### [GIVEN INFORMATION]
- Opening Delimiter -
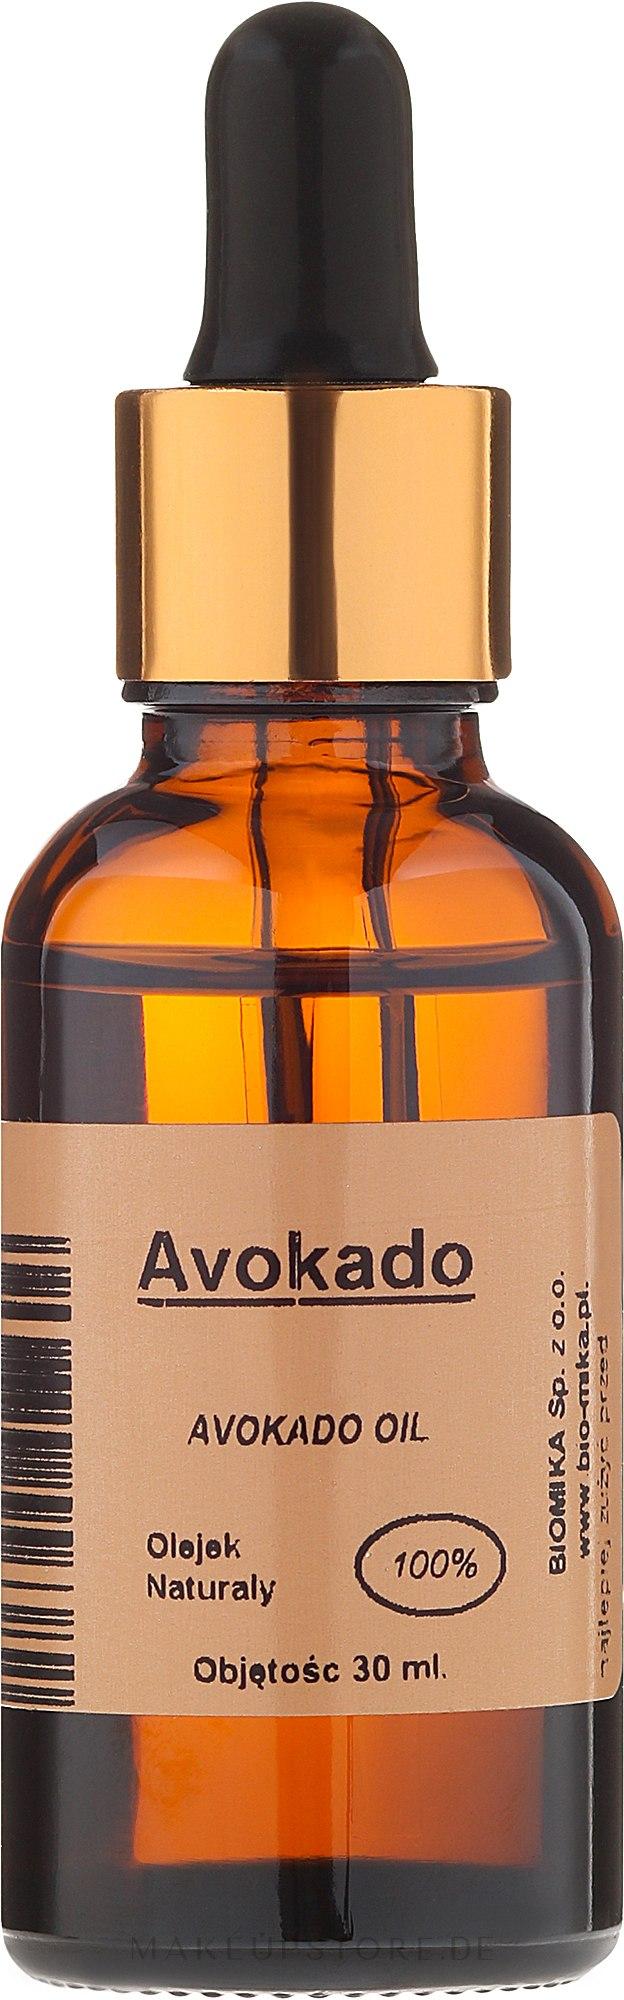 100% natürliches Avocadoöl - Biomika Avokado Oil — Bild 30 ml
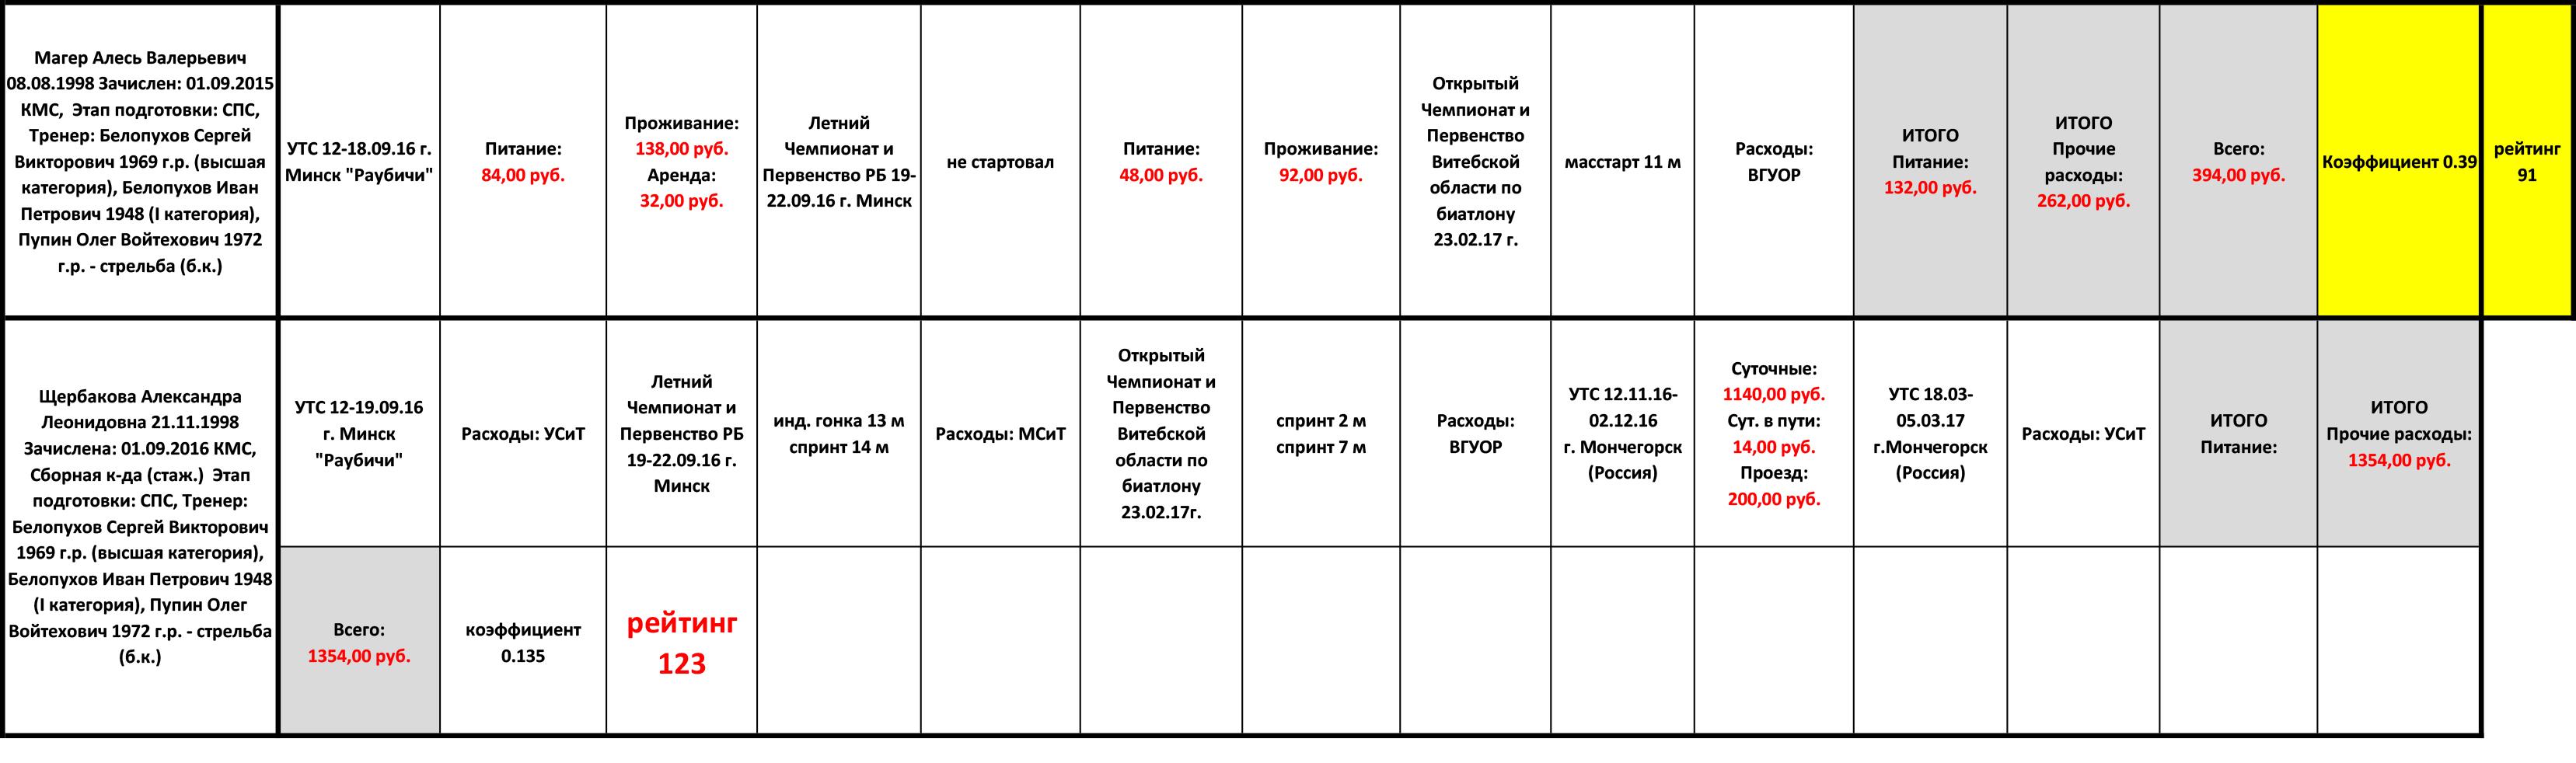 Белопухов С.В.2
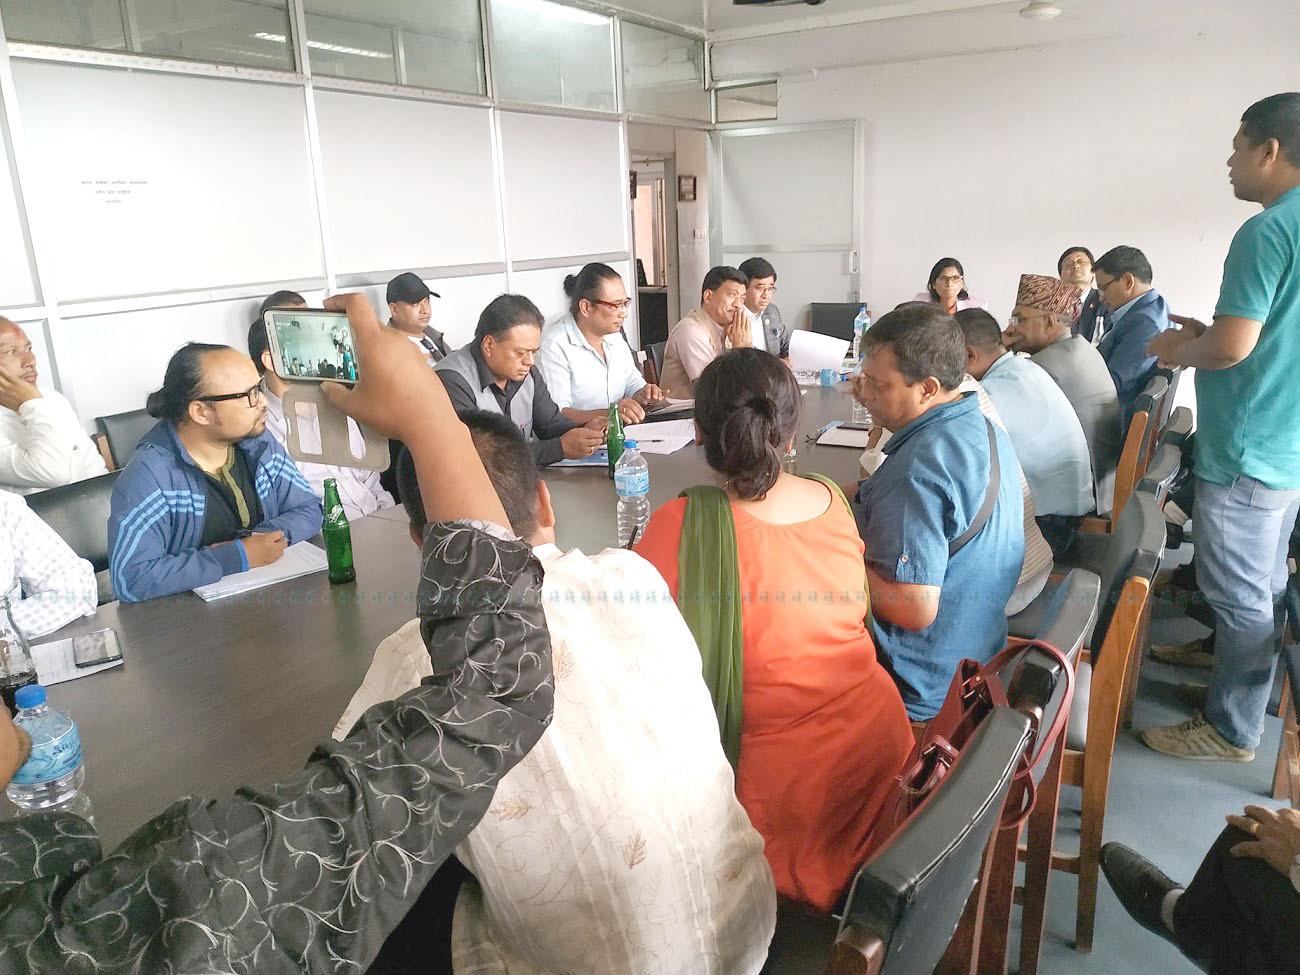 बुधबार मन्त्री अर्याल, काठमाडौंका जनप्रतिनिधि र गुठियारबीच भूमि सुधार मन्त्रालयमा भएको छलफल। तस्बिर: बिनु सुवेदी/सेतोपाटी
- Closing Delimiter -
Pictures are to be dropped, and the lines from the line with "Белопухов С.В.2" through the end of the material above are to be reproduced exactly.

 Белопухов С.В.2
 बुधबार मन्त्री अर्याल, काठमाडौंका जनप्रतिनिधि र गुठियारबीच भूमि सुधार मन्त्रालयमा भएको छलफल। तस्बिर: बिनु सुवेदी/सेतोपाटी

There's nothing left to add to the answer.